Traditional alerting treats all failures equally: any server DOWN triggers the same alert. Impact-aware alerting uses the blast radius to set alert severity dynamically.

# .langsight.yaml — impact-aware alert configuration
alerts:
  impact_aware: true
  rules:
    - condition: "server.status == DOWN"
      severity_override:
        # Blast radius >= 5 agents → page immediately
        blast_radius_agents >= 5: critical
        # Blast radius >= 3 agents → urgent alert
        blast_radius_agents >= 3: high
        # Blast radius == 1 agent → standard alert
        blast_radius_agents == 1: medium

When postgres-mcp (blast radius: 5 agents) goes down, it pages the on-call engineer immediately. When analytics-mcp (blast radius: 1 non-critical agent) goes down, it sends a standard Slack notification. The alert severity matches the actual impact, reducing alert fatigue while ensuring critical failures get immediate attention.

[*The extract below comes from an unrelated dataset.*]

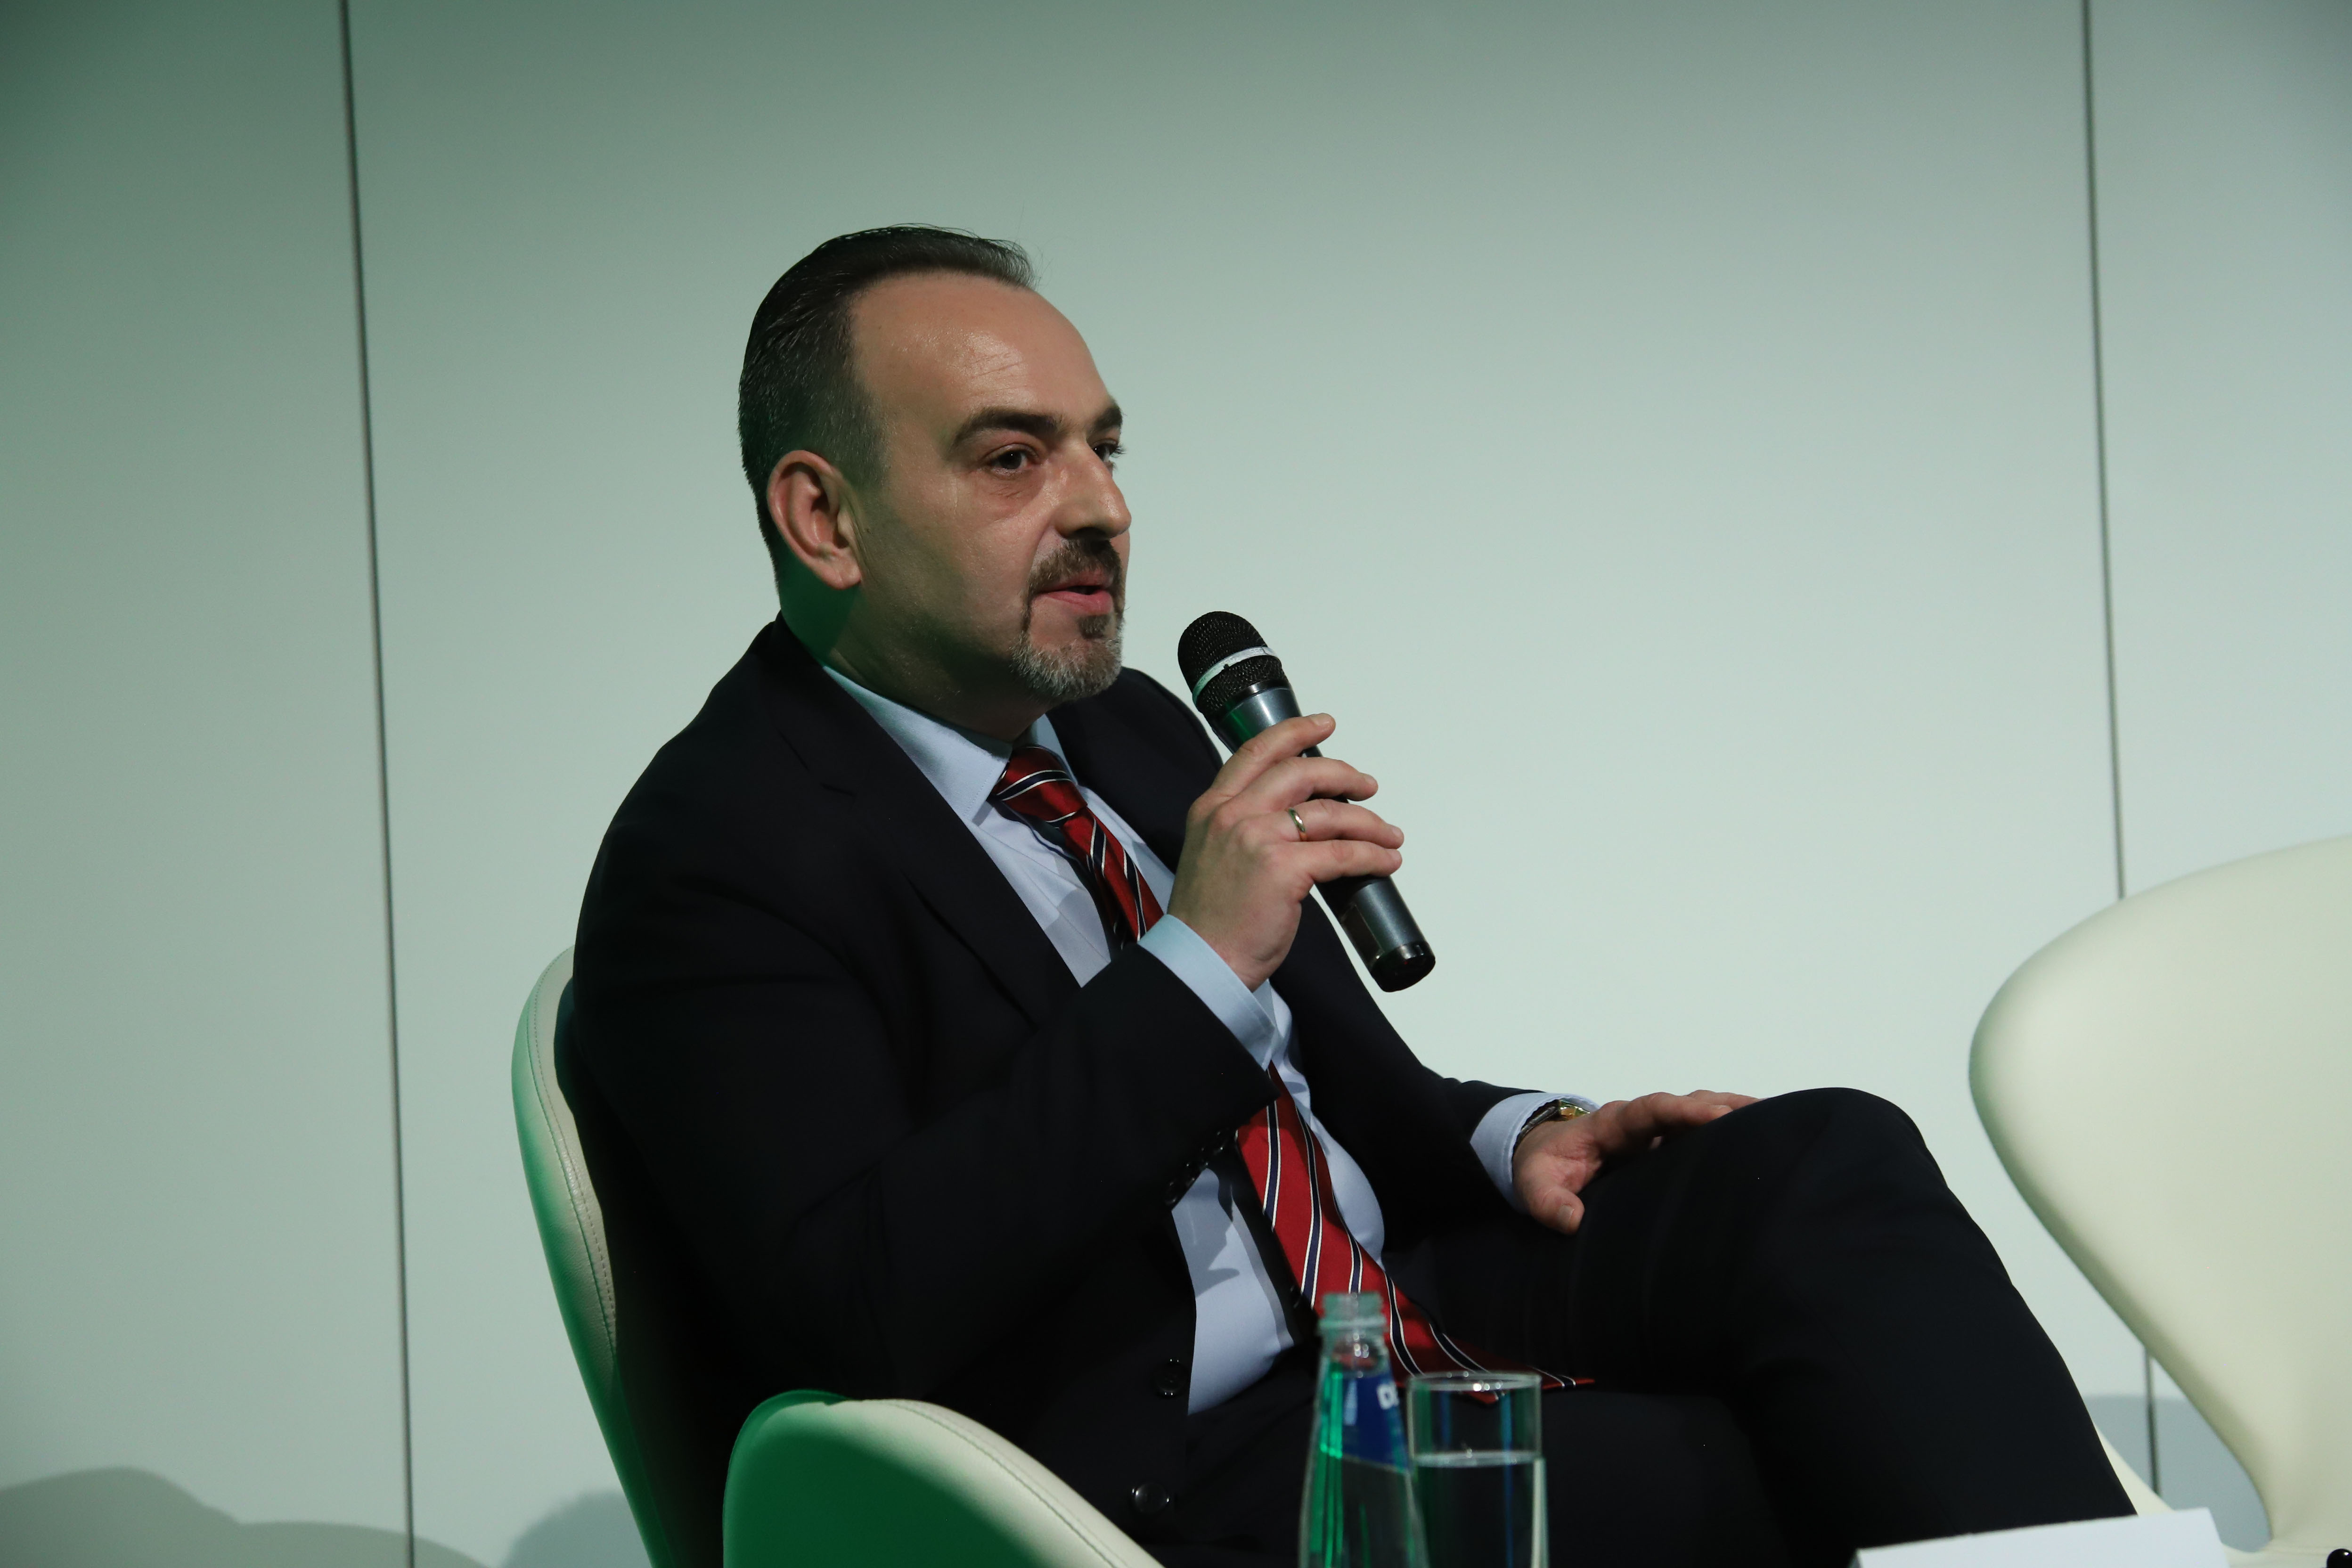 Dobri Mitrev: There are still not enough green projects in Bulgaria

Lineage tracking for debugging

During incident investigation, the dependency graph helps trace failures back to their root cause. When a user reports that the escalation-agent is not working:

  • Check escalation-agent's health → healthy
  • Check escalation-agent's dependencies → depends on triage-agent (handoff)
  • Check triage-agent's health → healthy, but sessions failing
  • Check triage-agent's dependencies → depends on support-agent (handoff)
  • Check support-agent's health → sessions failing
  • Check support-agent's tool dependencies → postgres-mcp is DOWN

The dependency graph turns a "the agent does not work" report into a "postgres-mcp is the root cause" diagnosis in seconds, following the dependency chain automatically instead of requiring manual investigation at each layer.

Key takeaways

  • Multi-agent systems have hidden transitive dependencies. An agent three handoff layers away from a failed MCP server still fails. Without blast radius mapping, the root cause is invisible.
  • Build the graph from real usage, not configuration. LangSight observes actual agent sessions to build the dependency graph. Static configuration is always incomplete.
  • Include blast radius in every DOWN alert. "postgres-mcp is down, 5 agents affected, 180 sessions/hour impacted" enables faster triage than "postgres-mcp is down."
  • Use blast radius for capacity planning. Identify single points of failure, plan maintenance windows, and right-size circuit breaker thresholds based on dependency data.
  • Impact-aware alerting reduces noise. Page for high-blast-radius failures, notify for low-blast-radius failures. Match alert severity to actual impact.